[[ EXERCISE DATA, beginning ]]

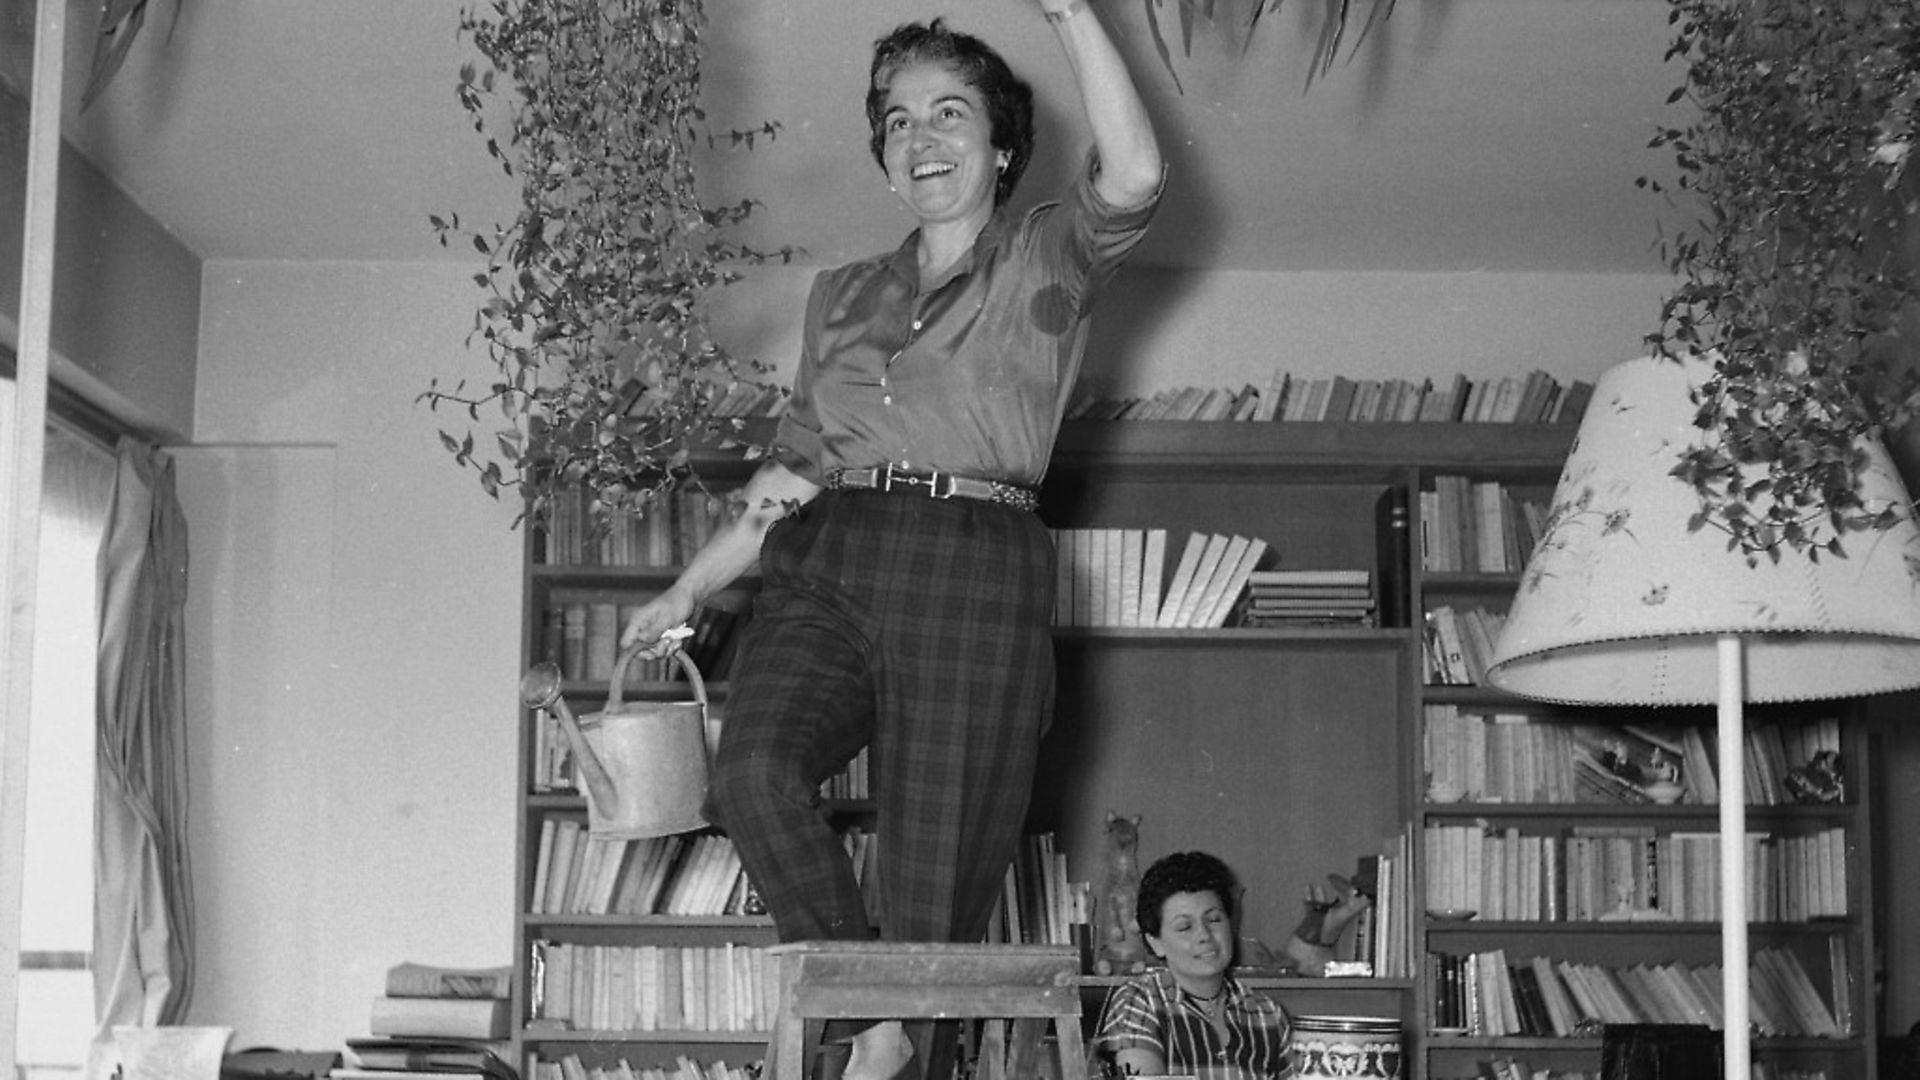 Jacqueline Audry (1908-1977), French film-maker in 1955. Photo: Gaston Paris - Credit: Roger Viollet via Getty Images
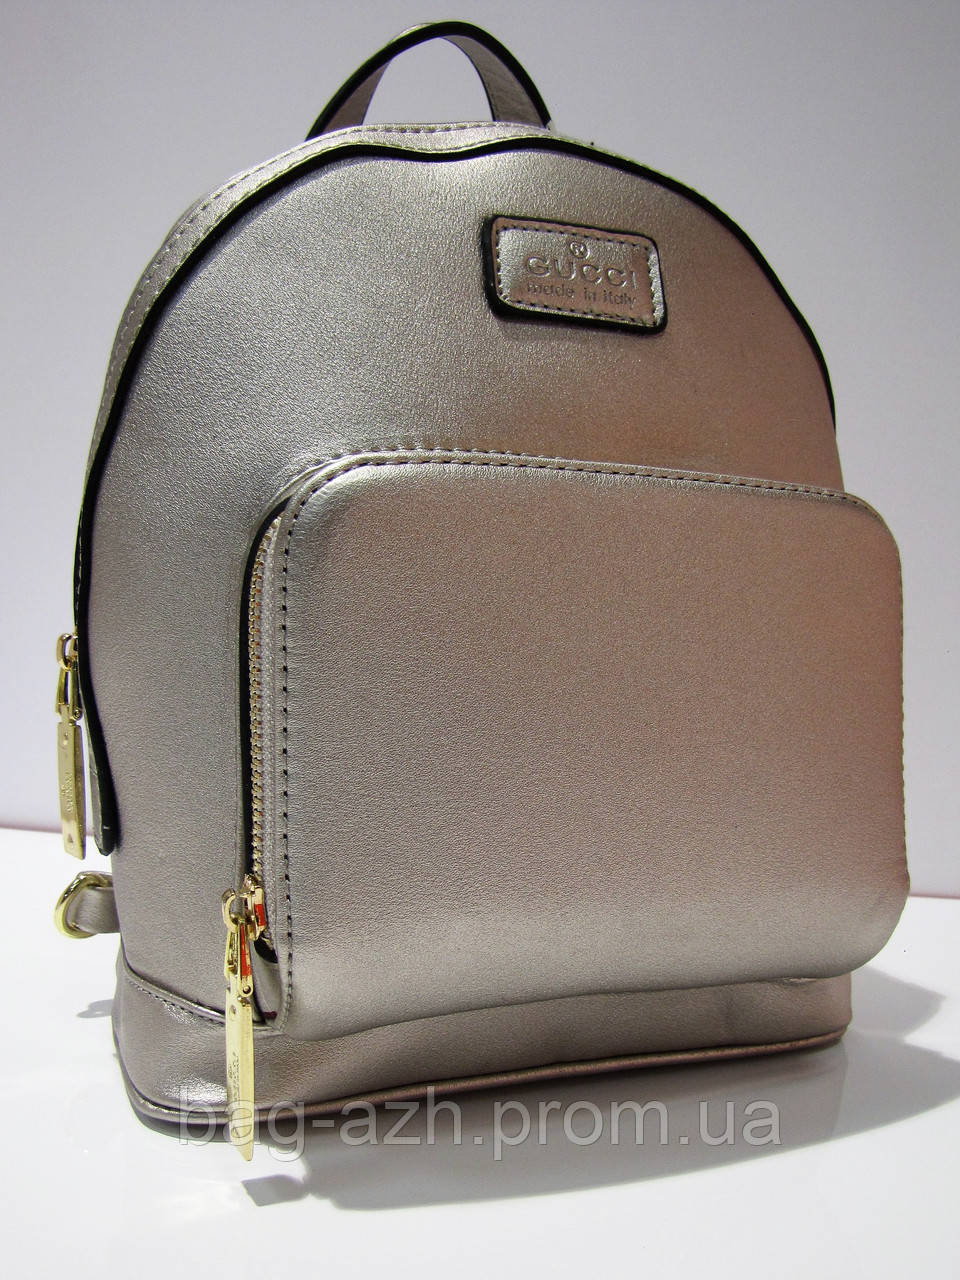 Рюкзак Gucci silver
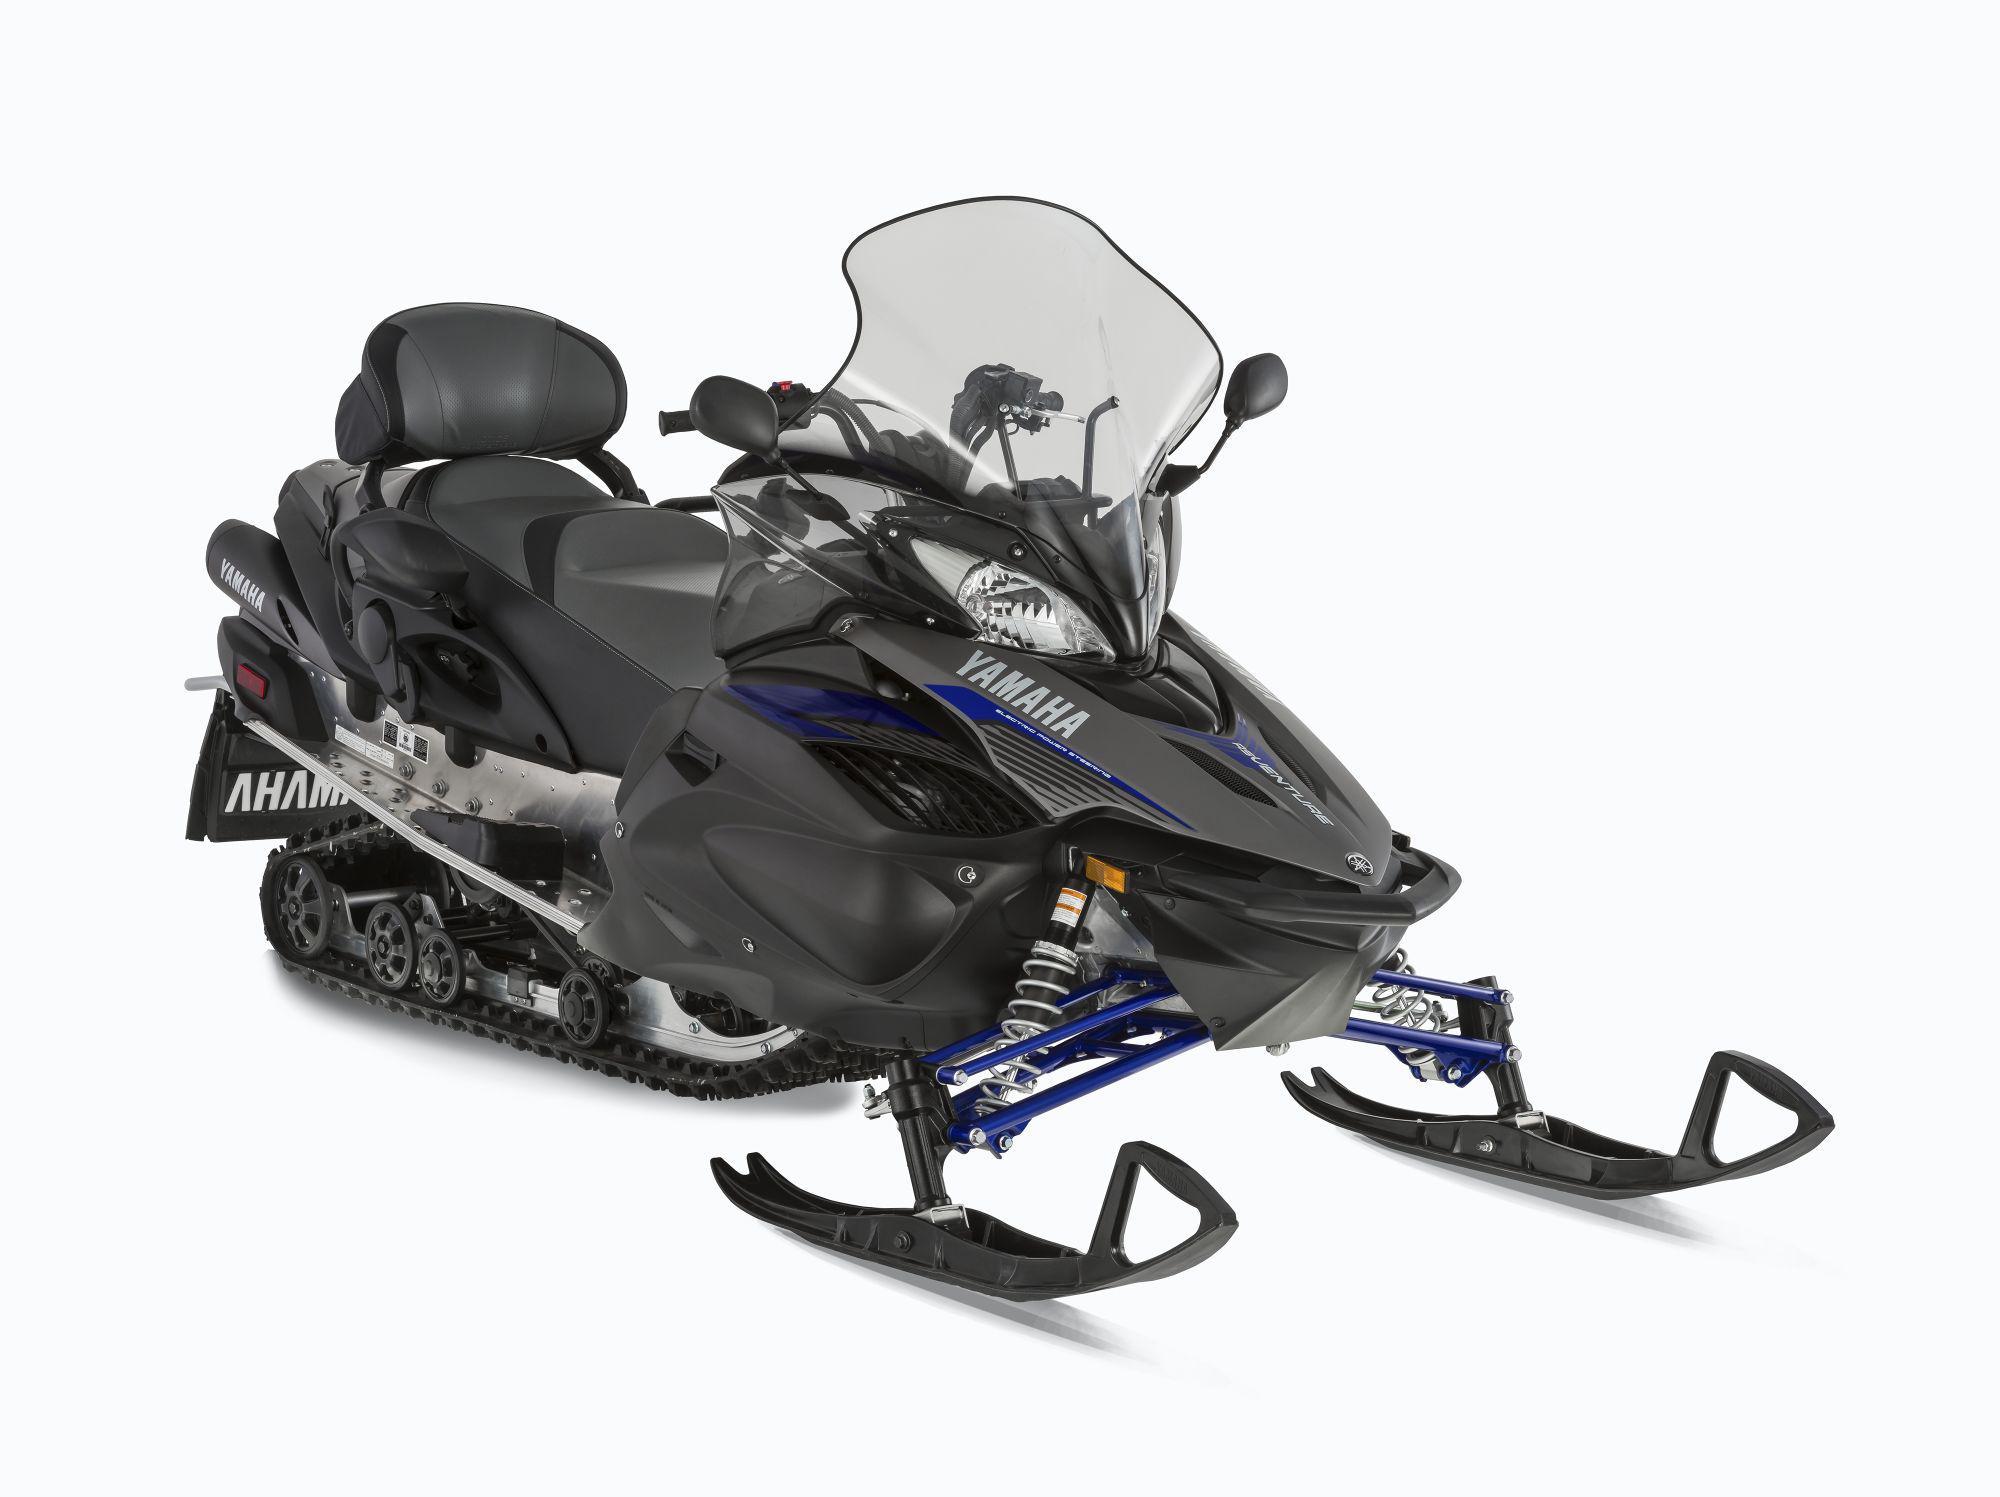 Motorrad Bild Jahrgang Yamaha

[[ EXERCISE DATA, end ]]

EXERCISE DIRECTIONS> Would you copy each line above exactly as given, dropping any images?

SOLUTION BELOW>
 Jacqueline Audry (1908-1977), French film-maker in 1955. Photo: Gaston Paris - Credit: Roger Viollet via Getty Images
 Рюкзак Gucci silver
 Motorrad Bild Jahrgang Yamaha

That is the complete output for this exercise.